And with that, Rocco, please open the lines for Q&A.
Operator
(Operator Instructions) Our first question today comes from Andrew Weisel of Scotia Howard Weil.
Andrew Marc Weisel - Analyst
My first question is you talk about the future long-term annual growth of 6% to 8%, obviously nothing new there.
But is that meant to be apples to apples with the 10-year CapEx plan?
In other words, does that mean to go through 2028?
Patricia Kessler Poppe - President, CEO & Director
We don't give 10-year guidance.
We do that on an annual basis and give you a good window looking forward in the nearer term.
But the 10-year capital plan certainly supports directionally a 6% to 8%, and so that's really part of what we're trying to share today that we've got not just kind of a holding number but an actual plan for capital investments across the system that should lead to our continued performance.
Andrew Marc Weisel - Analyst
Okay.
Got it.
Next question is in the list of potential sources of upside on Page 5, you don't include renewables there.
Is that more a function of demand forecast and not seeing a need?
Or is it related to customer bills and affordability?
Or is there some other factors there?
Patricia Kessler Poppe - President, CEO & Director
Well, it's in the base plan.
So we know based on our IRP what our 20-year renewable strategy is.
We know that we'll own half and purchase half of the new solar 6,000 megawatts total in the 20 years, 5,000 in the 10 years.
So that's built into the base plan.
Rejji P. Hayes - Executive VP & CFO
And Andrew, it's also worth reminding that as we've said in our IRP filing, it's going to be about 68 gigawatts per our estimate of solar over the next sort of decade plus, and we'll own half of that.
And so that $4 billion you're seeing attributable to renewables over the 10-year period is a combination of the wind investments we're making for the RPS as well as the assumption of owning about half of that solar investment opportunity over the next several years.
Andrew Marc Weisel - Analyst
Makes sense.
And one last one, this is going to be a little bit of a curveball question.
I noticed you posted a slide deck called retail outreach a few weeks ago.
Can you please talk about what drove that and maybe what you're trying to accomplish?
And then round numbers, what percent of your stock is currently held by retail investors?
Rejji P. Hayes - Executive VP & CFO
Yes.
So that was part of an effort that we did with one of your competitors, Andrew, in the interest of full disclosure.
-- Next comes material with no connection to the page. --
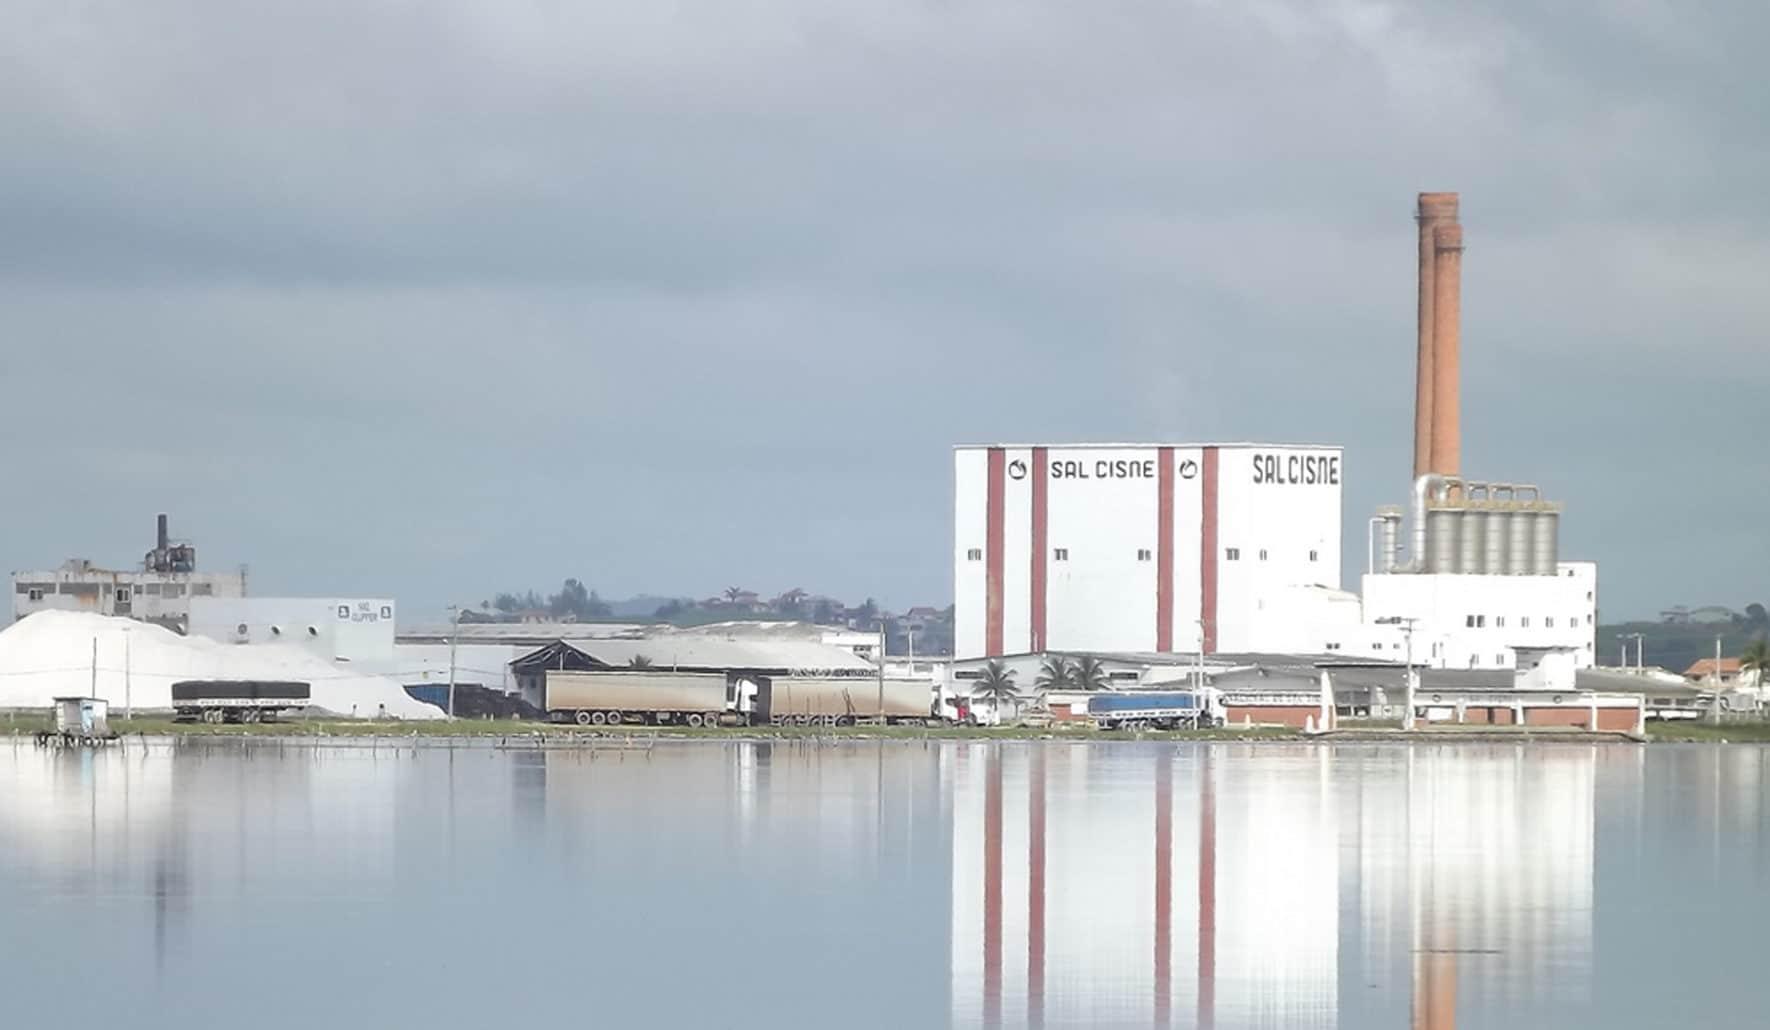 refinaria nacional de sal

But in essence, a retail holdings are quite small relative to other utilities.
I would say we're about 90-10 versus about 70 to 30 for the sector institution versus retail, and a large reason why that is, is as you may recall, a quite some time ago, we suspended our dividend as we we're clawing back from sins of the past.
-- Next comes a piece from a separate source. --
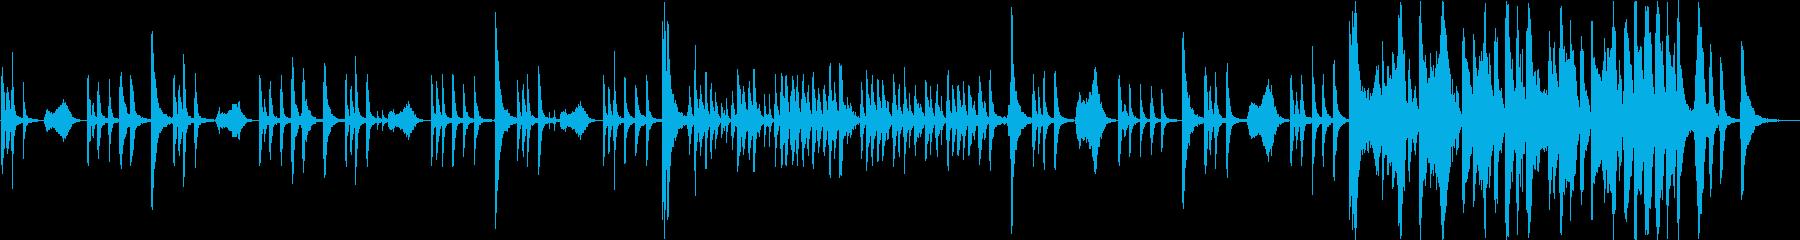 【動画】コミカルなストリングス【短縮版】の再生済みの波形

And so that really turned over our ownership to skew much more heavily towards the institutional side.
And so over time, as the fundamentals of the business have improved, we're starting to increase our exposure to retail investors, and we'll look to do that more going forward.
Operator
And our next question today comes from Shar Pourreza of Guggenheim Securities.
Constantine Lednev - Associate
It's actually Constantine here for Shar.
Congratulations on a great quarter and beating all the estimates.
So one quick question on the legislature.
There was a set of bills of powering Michigan forward that was introduced, and that's kind of looking at kind of redoing, I guess some of the things that were outlined in 2016.
Just wanted to get your insight on kind of how does that impact your current IRP and potentially [got them in] future IRP planning processes?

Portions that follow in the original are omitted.